Modifications to the study protocol that have a potential impact on the following aspects are submitted for review to Northwestern University’s Institutional Review Board Office: study design, eligibility criteria, study procedures, study conduct, and study objectives. Any modifications that have an effect on potential risks or benefits to the participants are also submitted for review and approval prior to implementation. Changes in study team are submitted for modification to the Institutional Review Board and approved by the PI. Trial participants are informed of any protocol amendments either verbally or through re-consenting when appropriate.

Dissemination plans {31a}

The results of this study may also be used for local and regional scientific and healthcare conference presentations, as well as peer-reviewed scientific and medical journal papers. If individual results are discussed, participant identities will be protected by using a study code number rather than a name or other identifying information.

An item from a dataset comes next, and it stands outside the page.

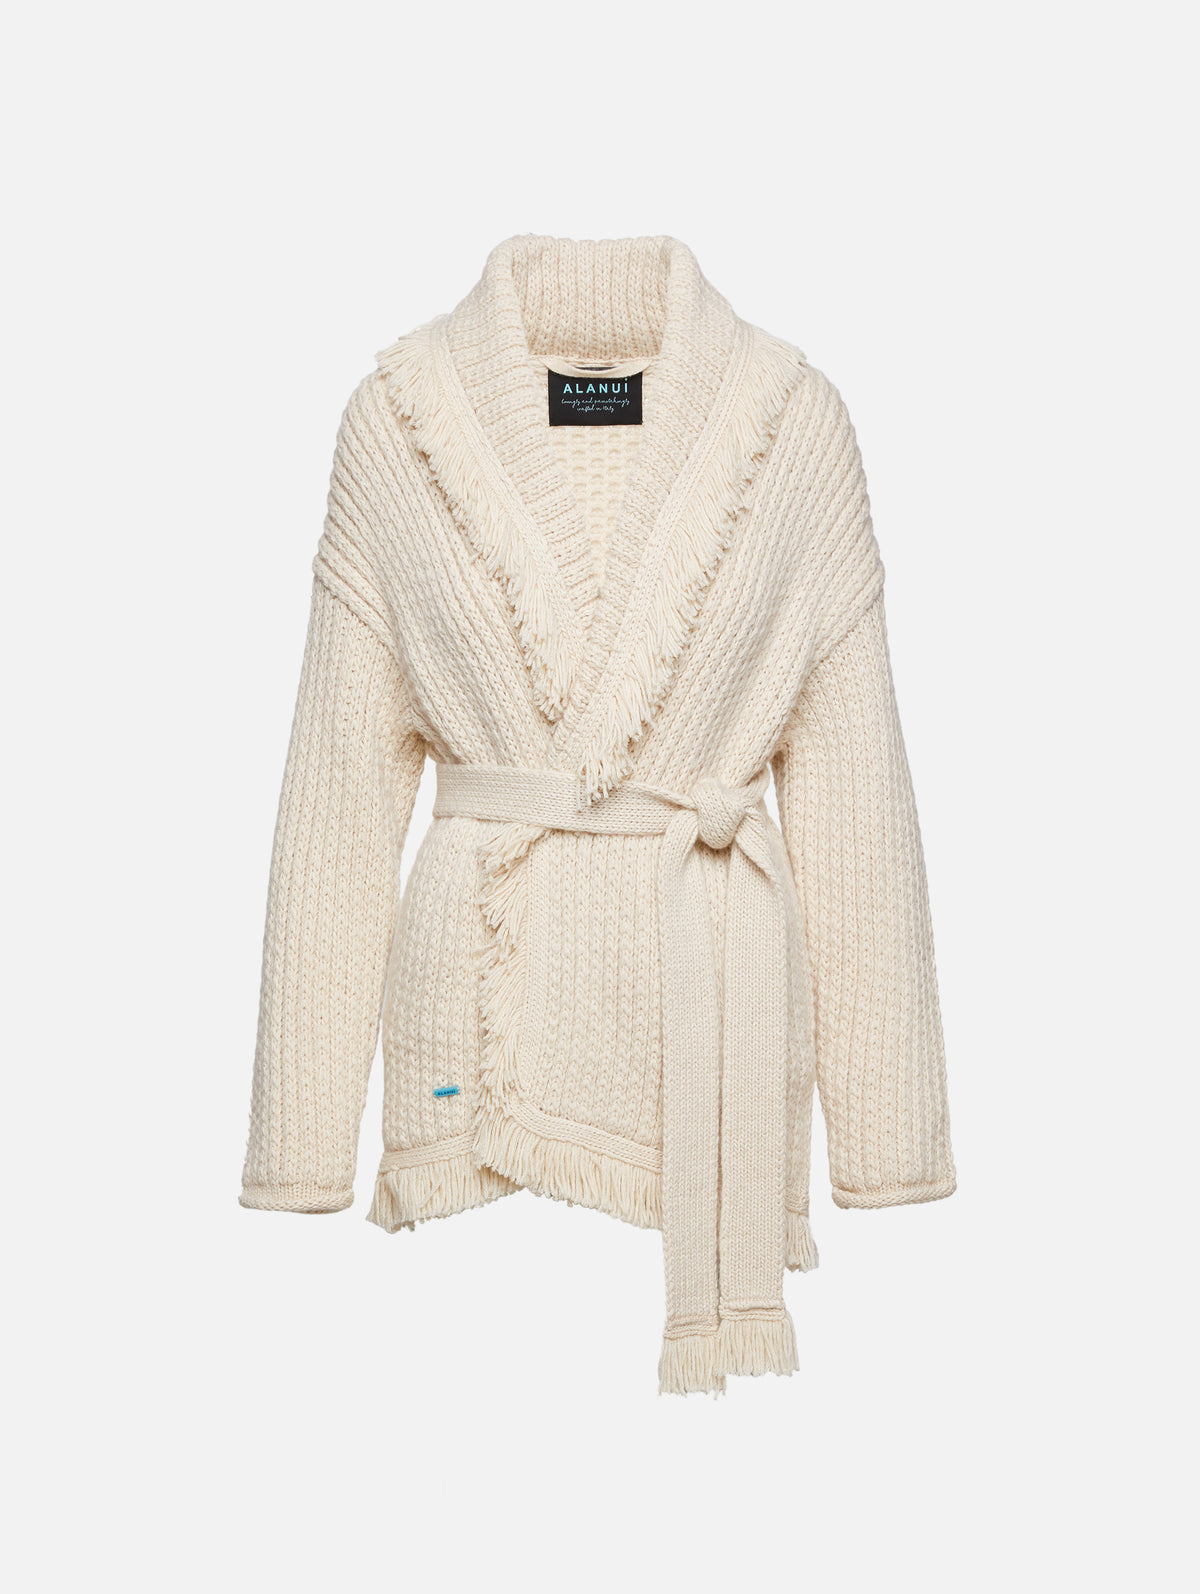 view 1 - "A" Finest Knit Cardigan
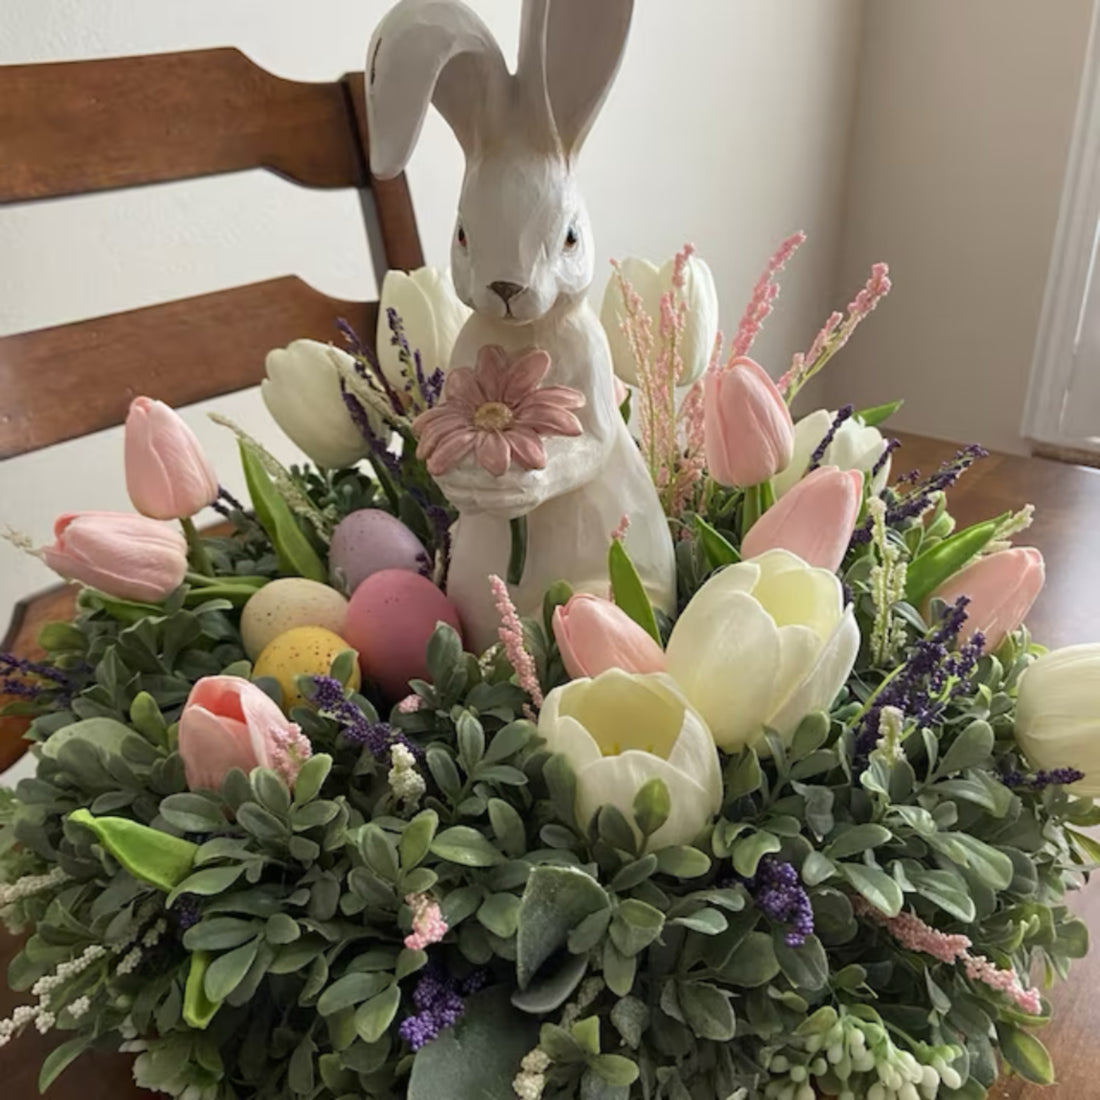 Celebrate Easter with Artificial Flowers: A Guide to Decorating Your Home

The data collected during the study will be analyzed and reported at the close of the study. Data that may potentially unblind the blinded clinical assessors will not be reported prior to the end of the study. All papers, abstracts, or posters that contain study results will be submitted to the PI for review. The PI will recommend any changes that are deemed appropriate before submitting for publication. It is expected that it may take approximately 4 to 6 months to analyze the final results for journal submission.

Ethics approval and consent to participate {24}

The study protocol, the informed consent forms, participant recruitment materials, and additional study-related documents will be reviewed and approved by the IRB Office of NU, which is responsible for protecting the rights and welfare of human research participants. In addition to yearly reviews that include progress and safety reports, the IRB Office also reviews any modifications to the study protocol, the informed consent forms, participant recruitment materials, and additional study-related documents made throughout the year.

All study participants are asked to review the informed consent document in the presence of a research team member that can address their questions and concerns before being asked to sign and provide written, informed consent for their participation in the study.

Written informed consent will be obtained from each participant at entry into the study. Informed consent is obtained by the following process:

1. The participant will be asked to review the study consent form.

2. A trained member of the study team will meet with the participant to review the form, to confirm the participant’s understanding of the study, and to answer any questions that the participant might have.

3. Once the participant demonstrates understanding of the study and agrees to participate in the study, the consent will be signed in the presence of study team member, who will also witness the document.

Consent for publication {32}

See Appendix A.

Competing interests {28}

Dr. Jun Yao, co-author and primary investigator, developed the investigational device for this study. Three authors (Carmona, Drogos, and Yao) have ownership stakes in ReIn-Hand Technologies, Inc., the corporation that currently holds the exclusive license for this investigational device. Importantly, the corporation was founded after applying for, and receiving, NIH funding; and the corporation has not received any funding as part of this project. Northwestern University owns the patent for this device.